The Dutch television production giant that holds the rights to the reality show "Big Brother" is suing Channel 10 and Israeli production company Abbot Reif Hameiri for NIS 3 million, arguing that they copied the show's format to create another reality show, "24/7: The Next Generation."
Channel 10 has sold the format of "24/7," which got poor to middling ratings when it aired in the summer, to television stations in several other countries.
"Watching 'The Next Generation' creates a clear impression of blunt, conscious copying of the format and content of 'Big Brother,' not to mention the deliberate and unacceptable attempt by the defendants to improperly steal the identity of 'Big Brother,'" states the lawsuit, filed by television production company Endemol.
Endemol is also suing over what it says are trade secrets that were leaked by former "Big Brother" production staff members, including editors and the chief producer, who were hired to produce "24/7."
Channel 10 said "24/7" is an original show.
"Channel 10 carefully observes all legal requirements, including intellectual property laws, in all its productions, as it did with this production," the station said in a statement. "As we made clear to Endemol... its complaints are without foundation."

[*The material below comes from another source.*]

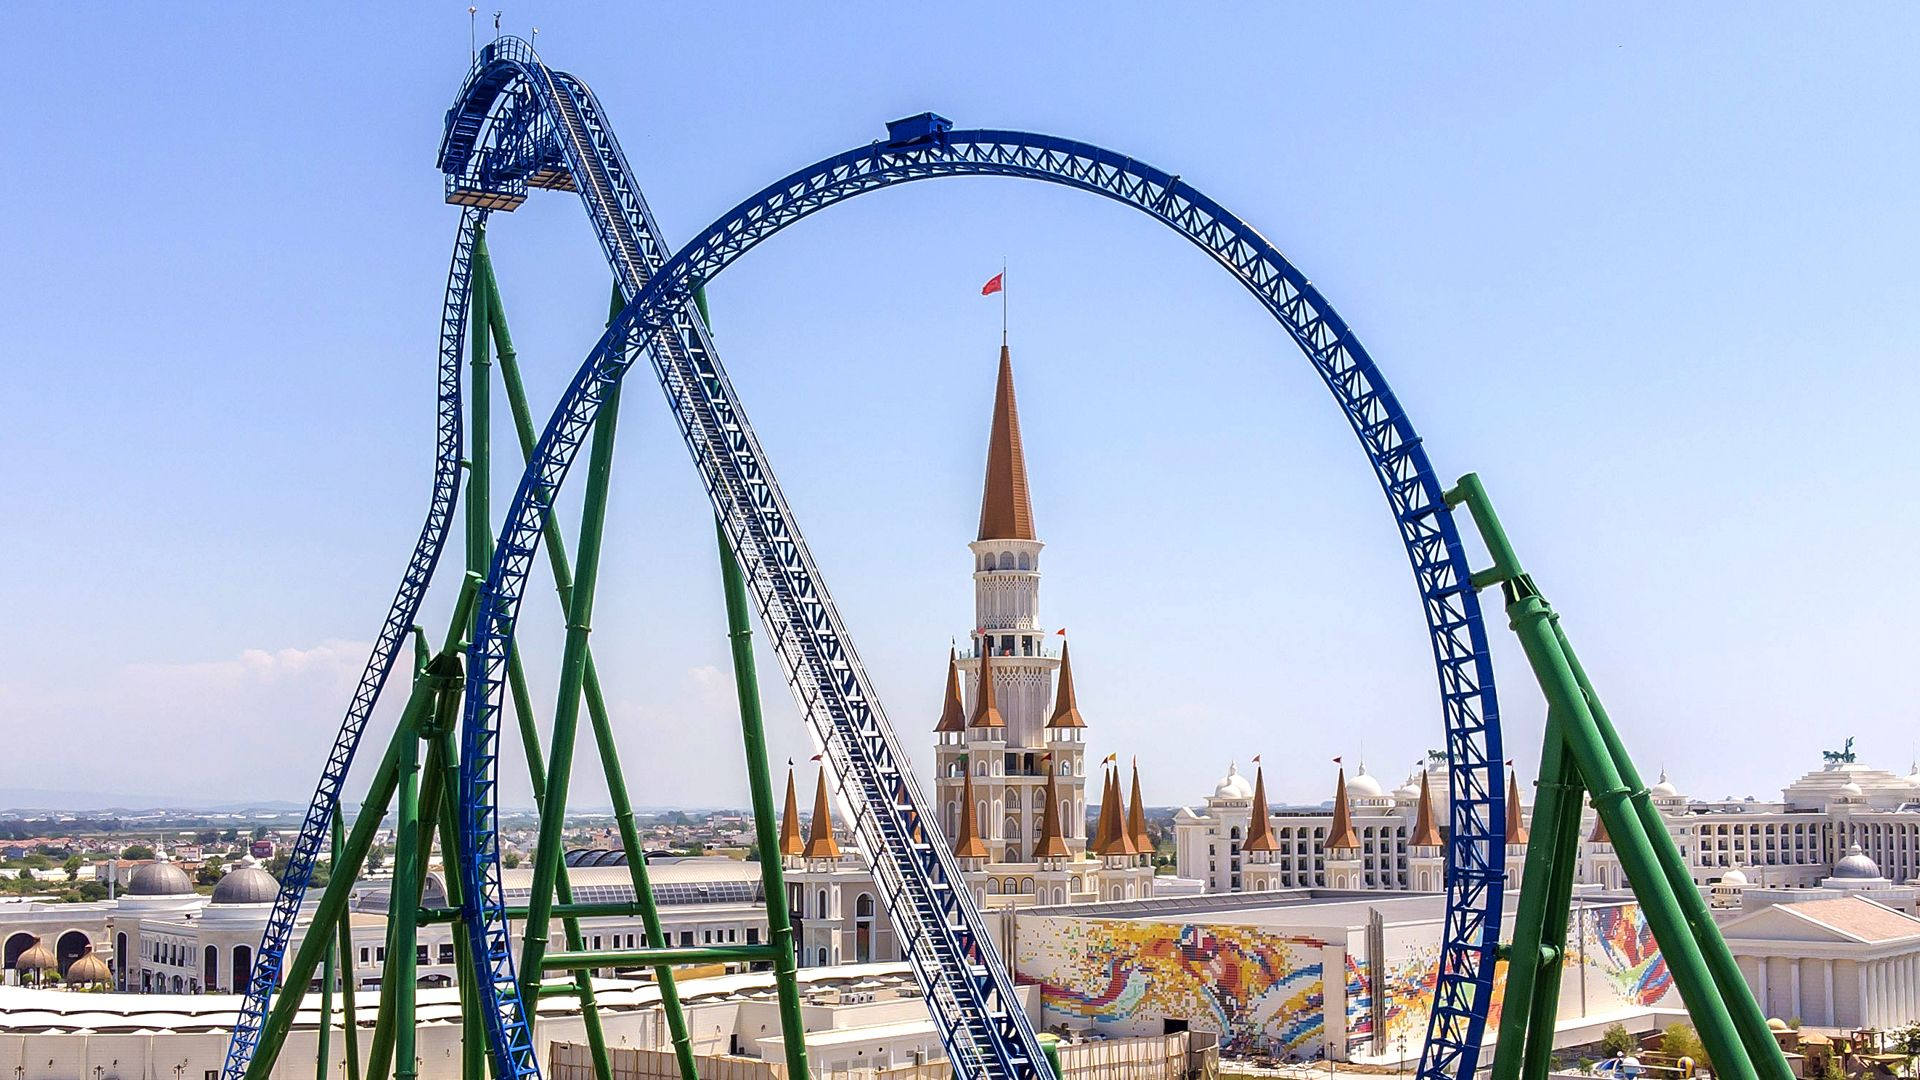 hyper-coaster.jpg

"Big Brother," which airs on Channel 2, begins its fourth season next week.
Like "24/7," it features contestants locked in a home while the cameras roll nonstop. The Channel 10 show features a bachelor, Eitan Orbach, who is locked in a house with several male friends and several women vying for their attention.
In both shows, the contestants compete for the affection of the audience, and a cash prize.
The lawsuit argues that the two shows have similar components and a similar look and feel.
As "Big Brother" gets set to go back on the air, the Council for Cable TV and Satellite Broadcasting has imposed new restrictions on the channel that has previously broadcast the 24-hour live feed from the "Big Brother" house.
That station, Channel 20, will now have to air the feed with a 90-second delay to give the channel a chance to censor "improper" content, the council has decided.
If any such content appears in any case, Channel 20 must broadcast an apology immediately, the council ruled.
The council also decided that during the prime time hours of 7 P.M. to 11 P.M. the message "Smoking is hazardous to your health" will appear on the screen twice an hour.